What is needed:
Repeat the listing below word for word, minus the pictures.

Given data:
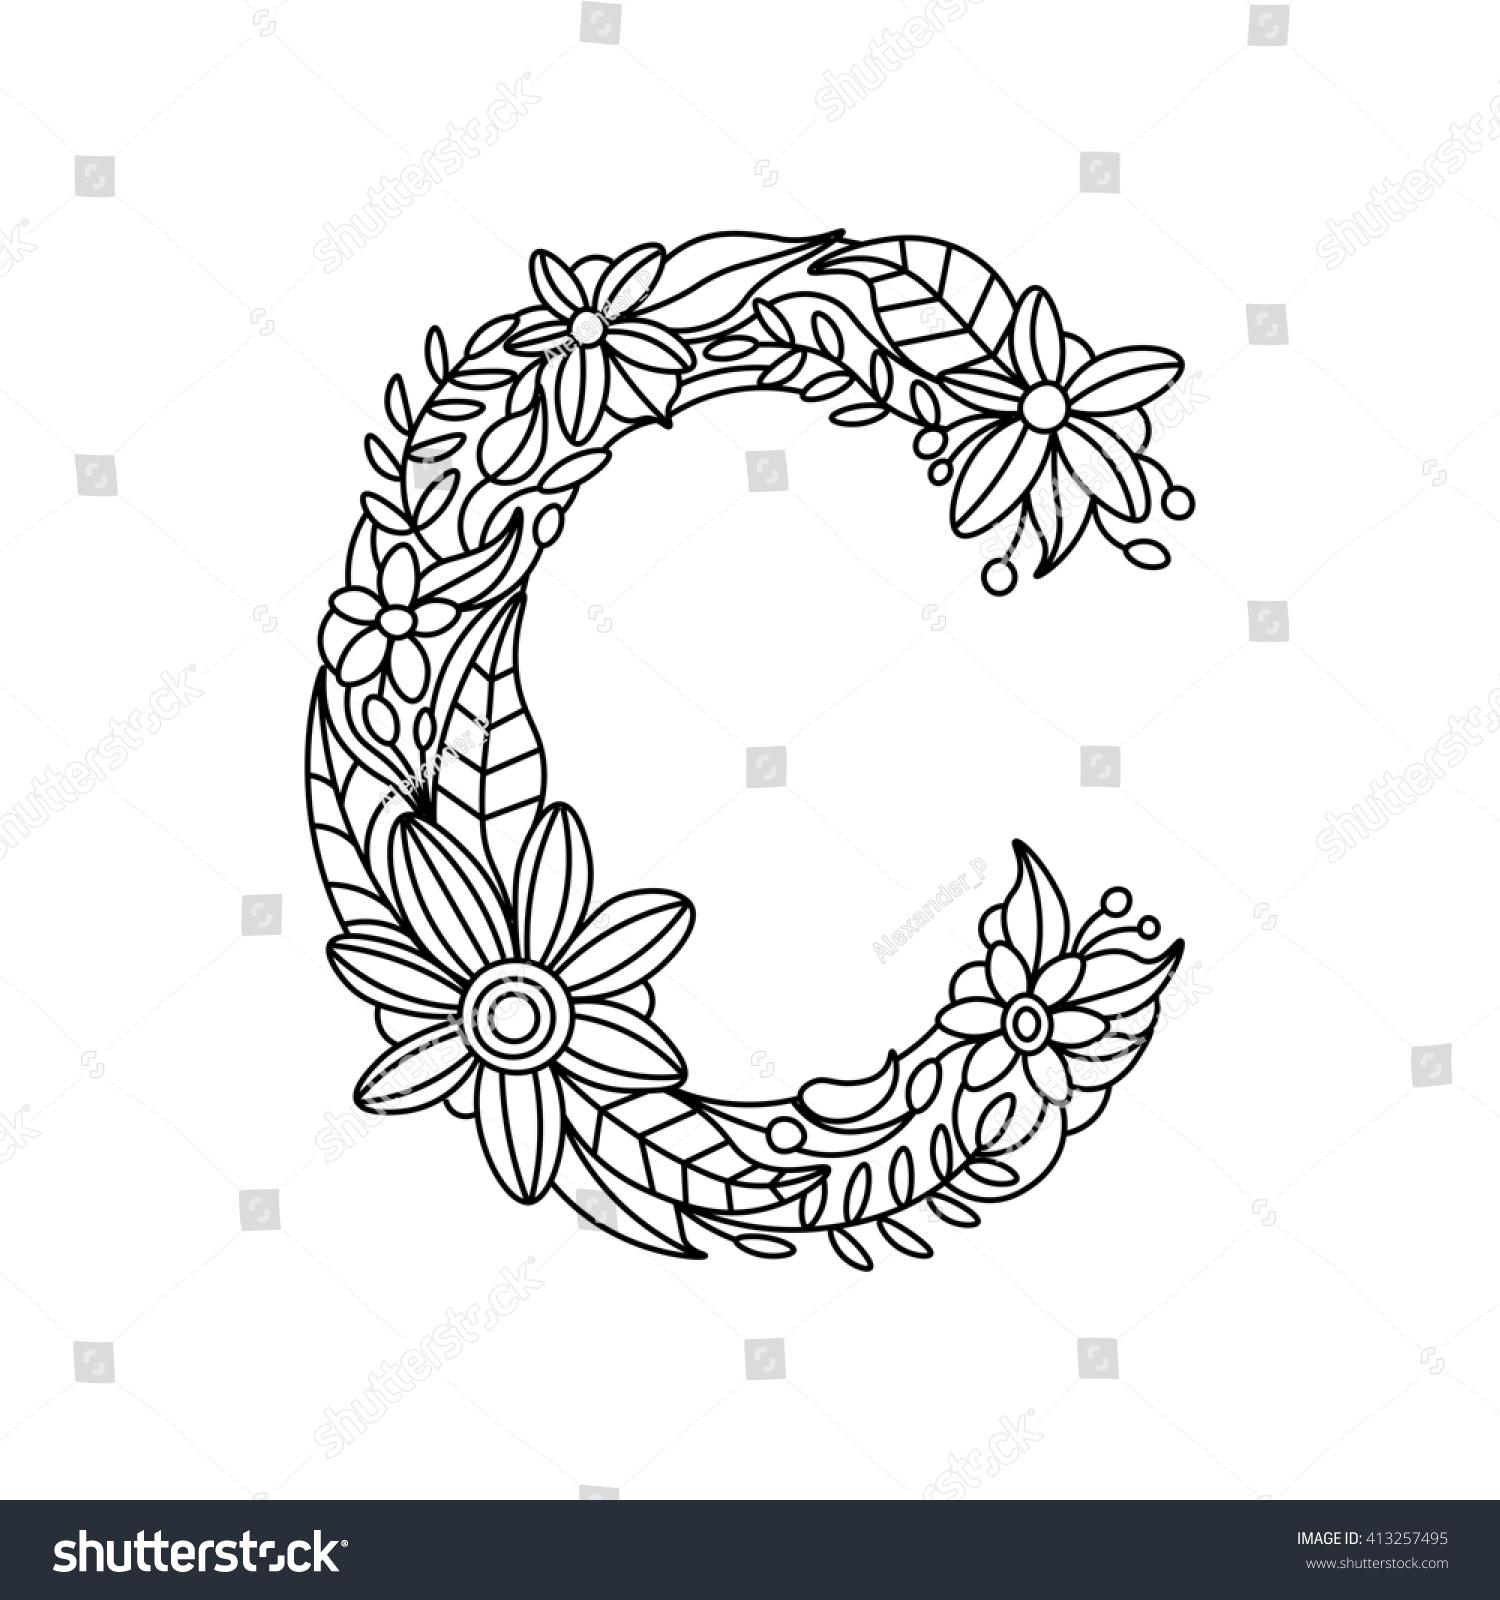 Floral Font Number Coloring Book For Adults Raster Illustration
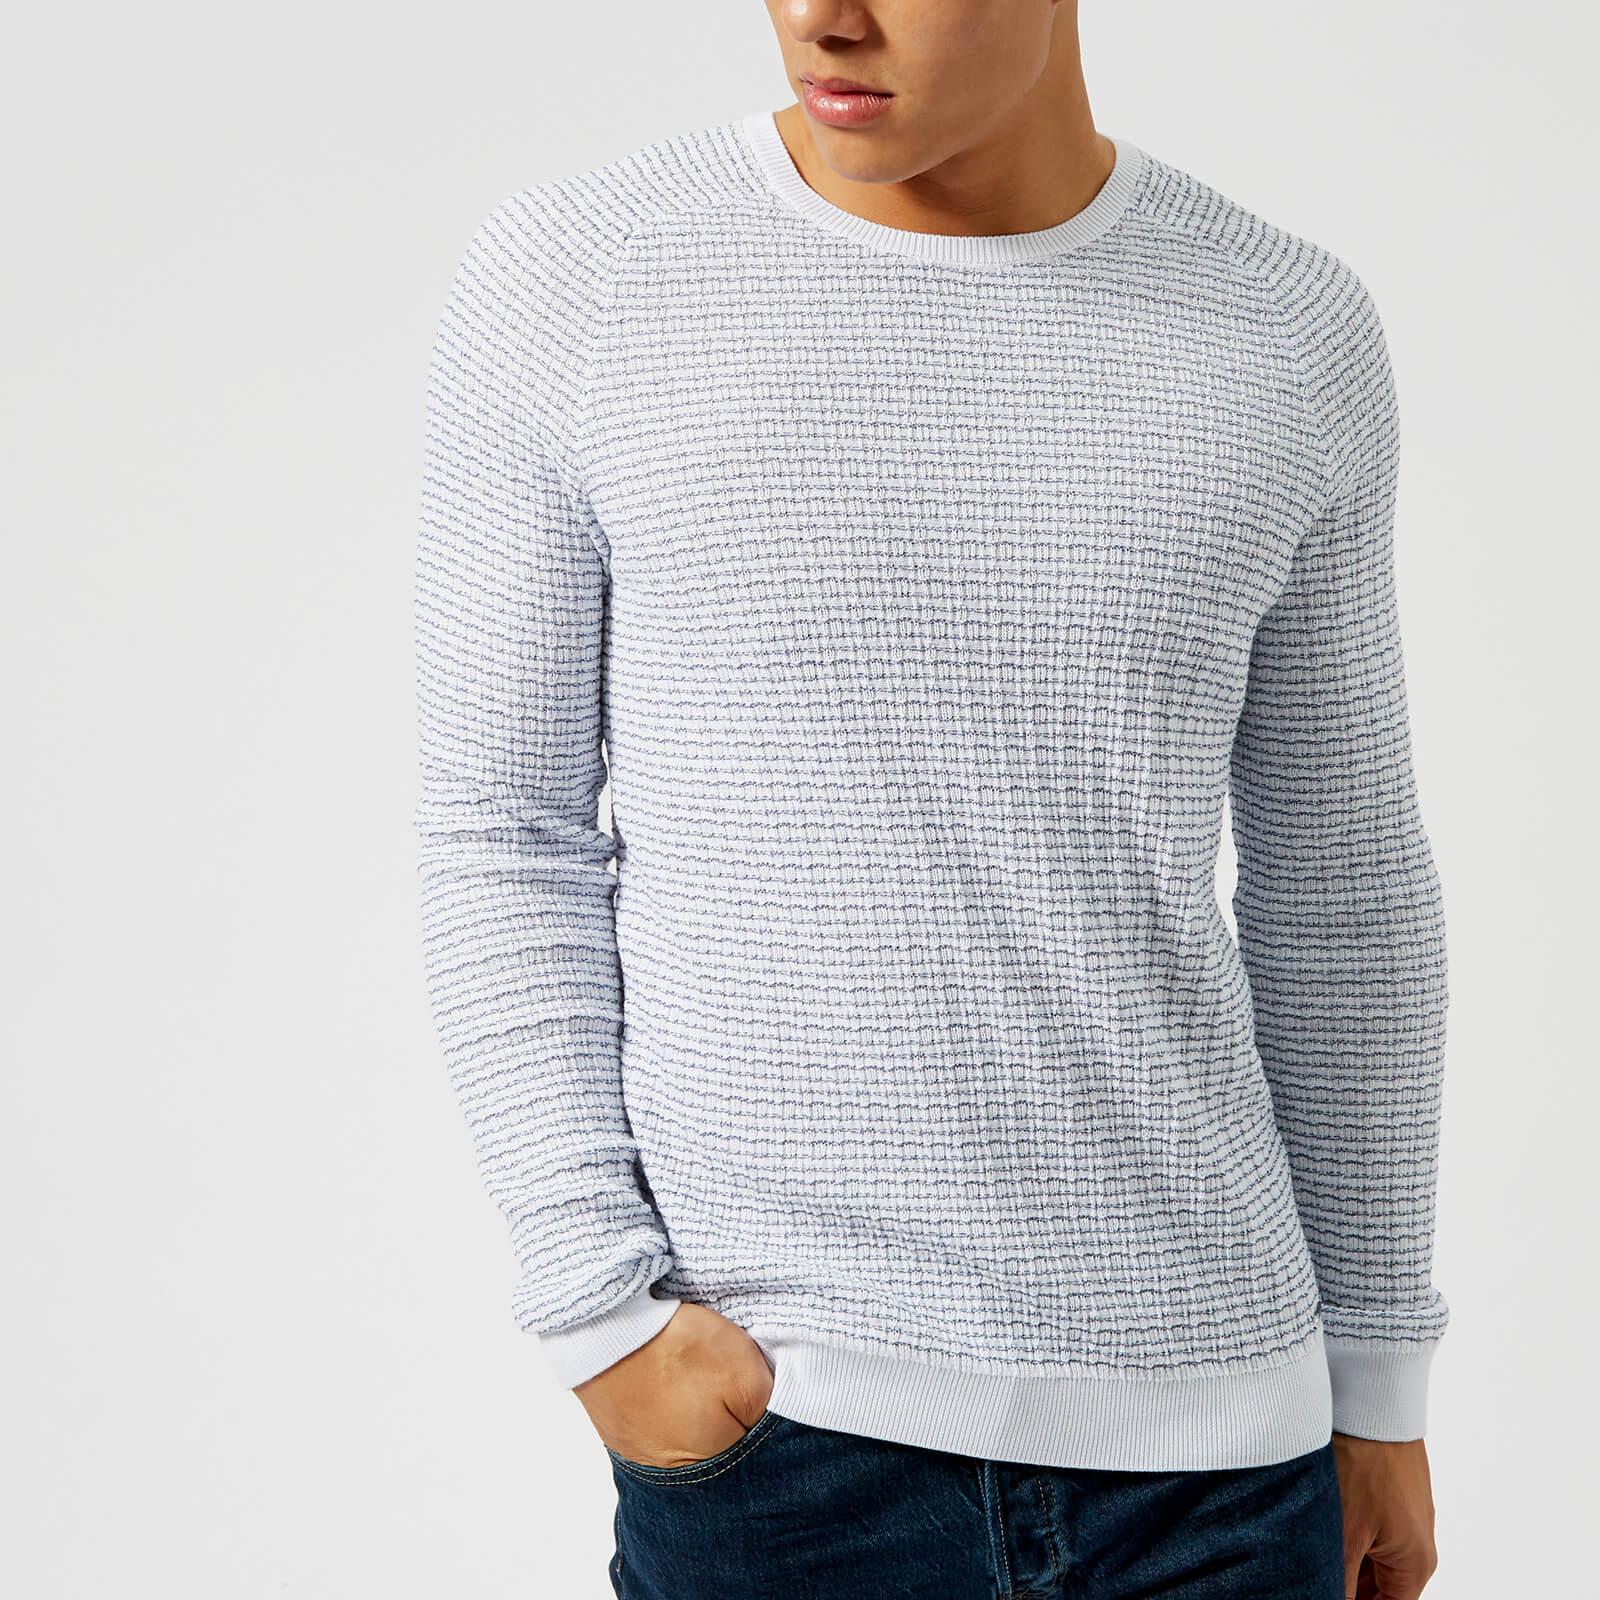 7cadeaa5792787 HUGO Men's Stanon Knit Jumper - White Mens Clothing | TheHut.com
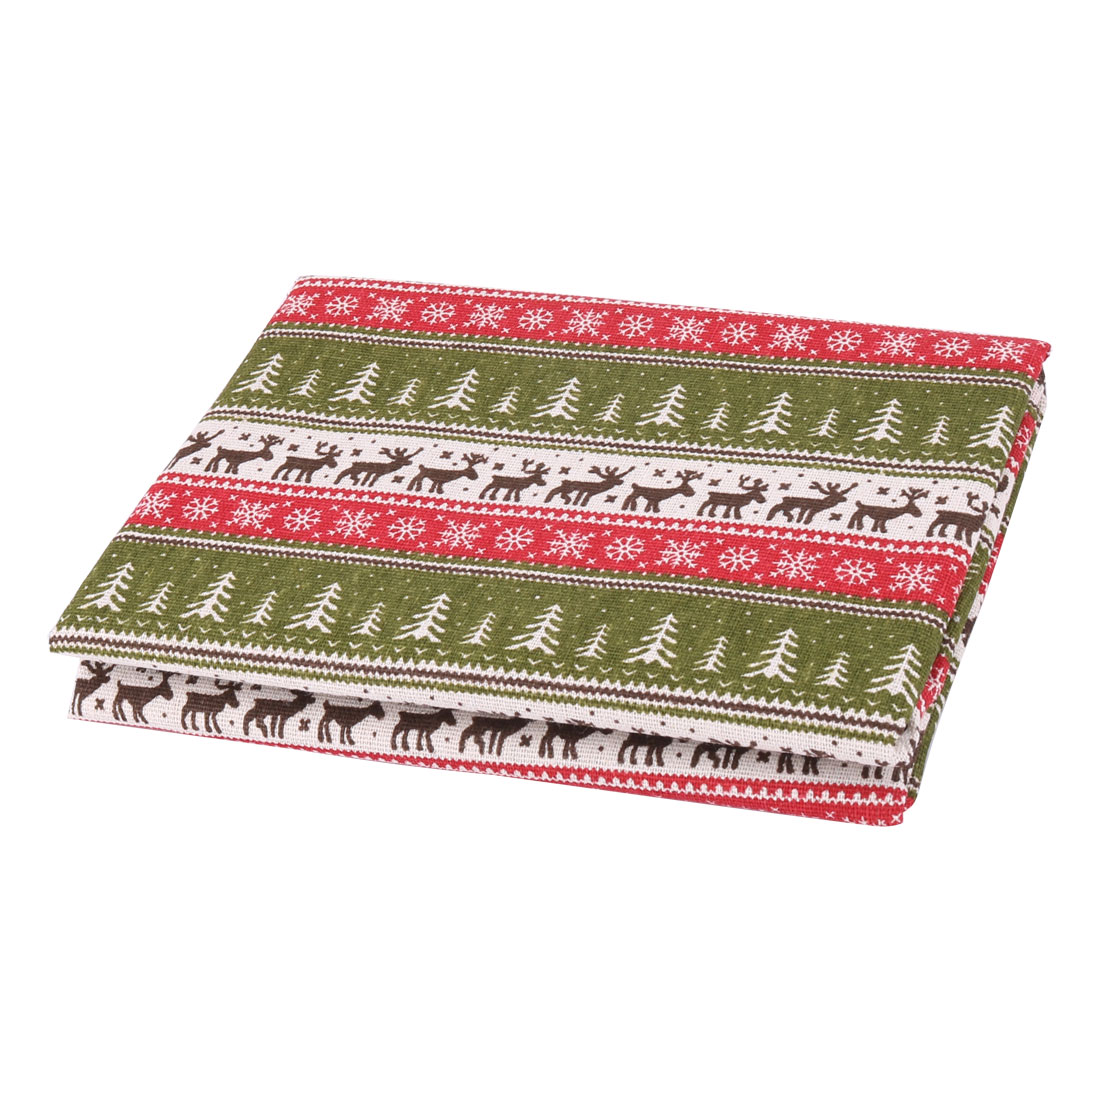 Unique BargainsLinen Fabric Deer Pattern Sofa Table Cover Handbag Making Art Craft DIY Cloth

Exercise response:
 Floral Font Number Coloring Book For Adults Raster Illustration
 7cadeaa5792787 HUGO Men's Stanon Knit Jumper - White Mens Clothing | TheHut.com
 Unique BargainsLinen Fabric Deer Pattern Sofa Table Cover Handbag Making Art Craft DIY Cloth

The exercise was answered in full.